TOGA Central is a $320m mixed-use development in Sydney’s Tech Central precinct, combining a commercial tower, hotel, heritage asset, and public domain works.

Challenge

This was TOGA’s first BIM-enabled project. Without an established delivery framework, there was a real risk of inconsistent information, poor coordination across disciplines, and limited control over design and asset data—particularly with a highly constrained heritage structure requiring 90% retention.

Failure here would translate directly into rework, programme risk, and unreliable asset information at handover.

IIMBE Role

IIMBE was engaged as Digital Delivery lead, responsible for establishing and managing structured digital delivery across design and coordination.

DEFINE

We established TOGA’s digital delivery foundation from the ground up.

This included defining BIM and information management requirements, shaping tender expectations, and aligning consultants to a clear, ISO 19650-aligned delivery approach. Just as importantly, we worked directly with TOGA’s leadership to ensure digital processes supported commercial outcomes—procurement clarity, coordination confidence, and long-term asset usability.

DELIVER

We led federated model coordination and information governance across all disciplines.

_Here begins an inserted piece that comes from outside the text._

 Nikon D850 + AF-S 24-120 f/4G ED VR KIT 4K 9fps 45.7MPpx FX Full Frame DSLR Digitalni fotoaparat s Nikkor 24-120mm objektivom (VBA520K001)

The heritage Parcels Post building introduced significant complexity. We implemented laser scanning and model validation workflows to ensure accurate integration between retained structure and new construction. Coordination processes were structured, auditable, and actively managed—improving visibility of issues, strengthening accountability, and enabling earlier resolution of design conflicts.

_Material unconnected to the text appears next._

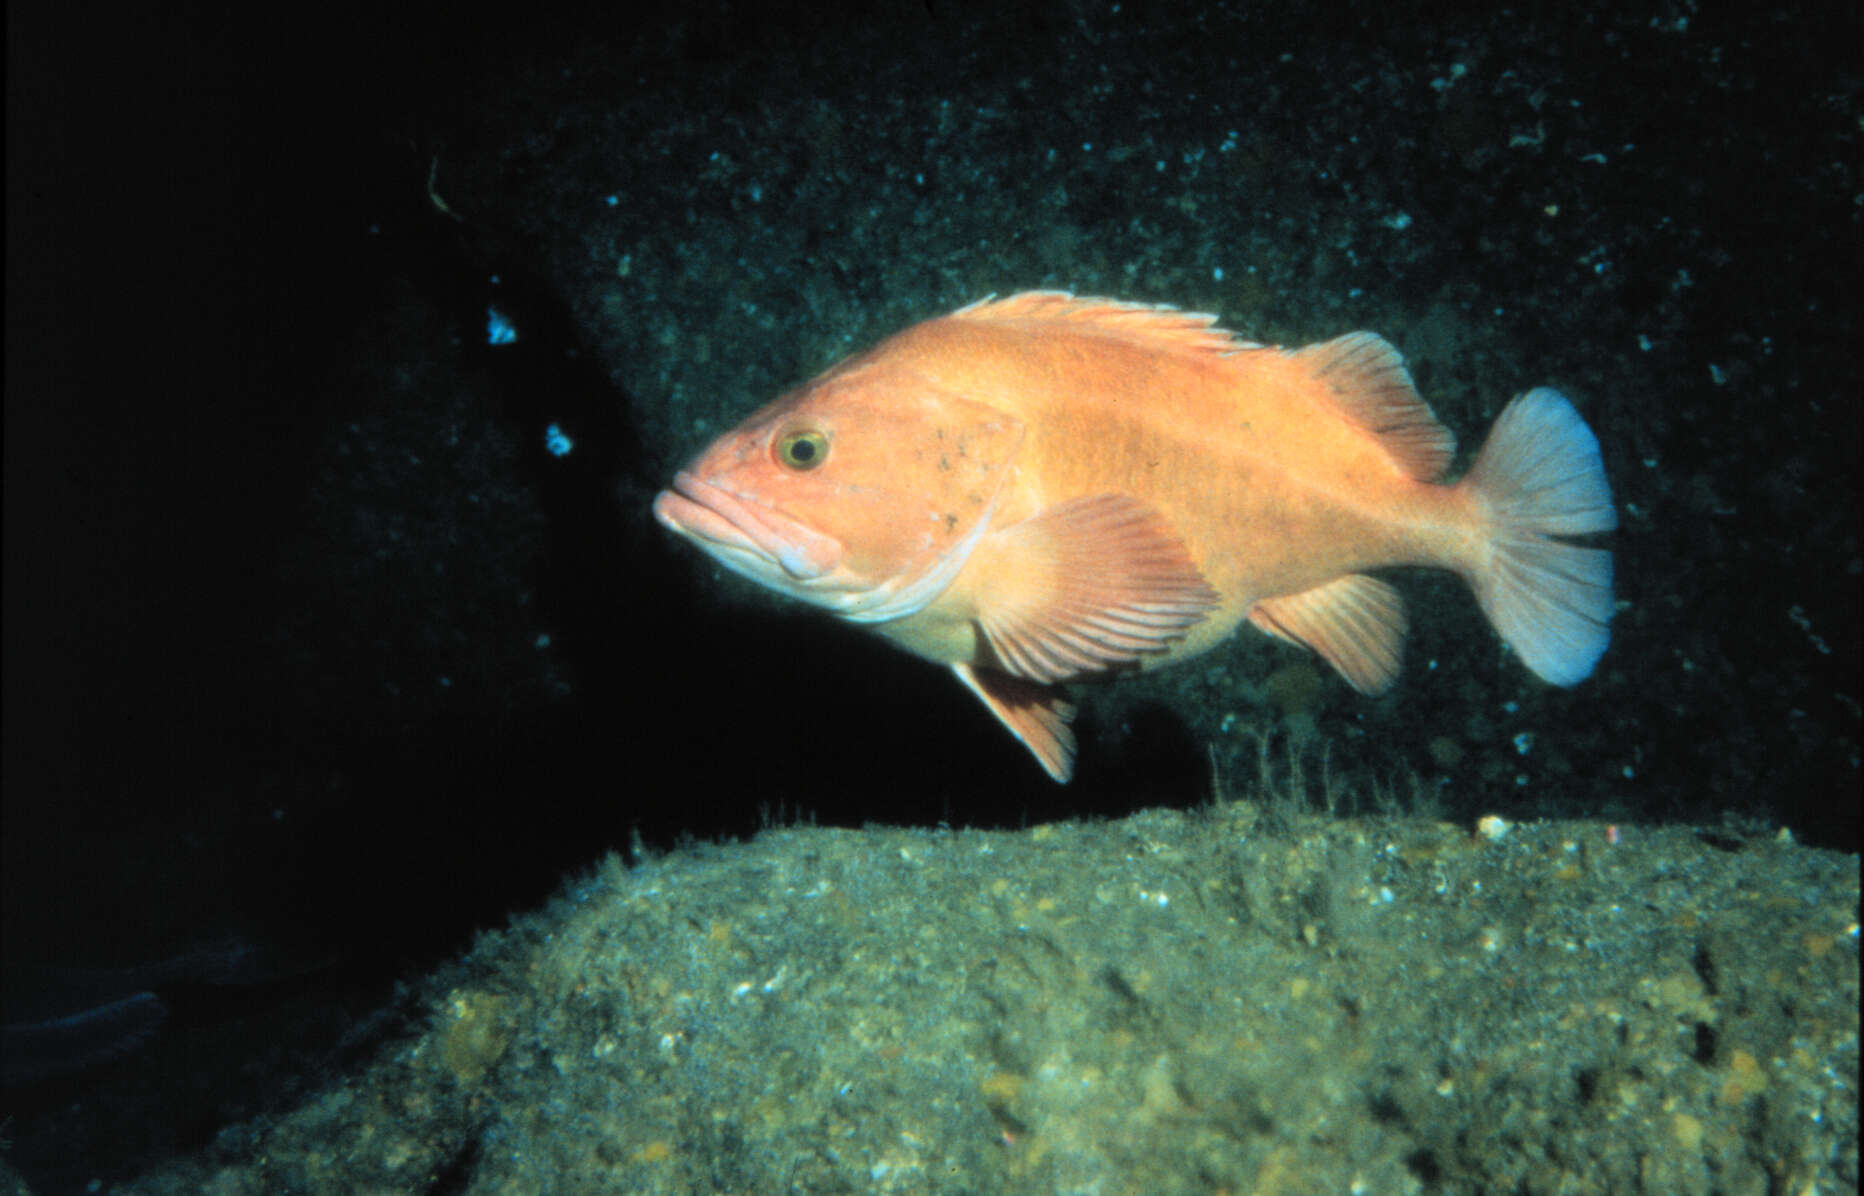 Image of Yelloweye rockfish

This shifted coordination from reactive to controlled.

ENABLE

Beyond the project, we embedded capability within TOGA.

We established governance structures, delivery expectations, and internal understanding that now inform future developments. This was not a one-off intervention—it created a repeatable approach to digital delivery across their portfolio.

Outcome

TOGA moved from no defined BIM capability to structured, controlled digital delivery on a highly complex asset.

Coordination risk was materially reduced, design integration—particularly with heritage—was executed with confidence, and information governance was strengthened across the supply chain.

Critically, TOGA now has a scalable digital delivery foundation—improving certainty on future projects and ensuring asset information is reliable beyond handover.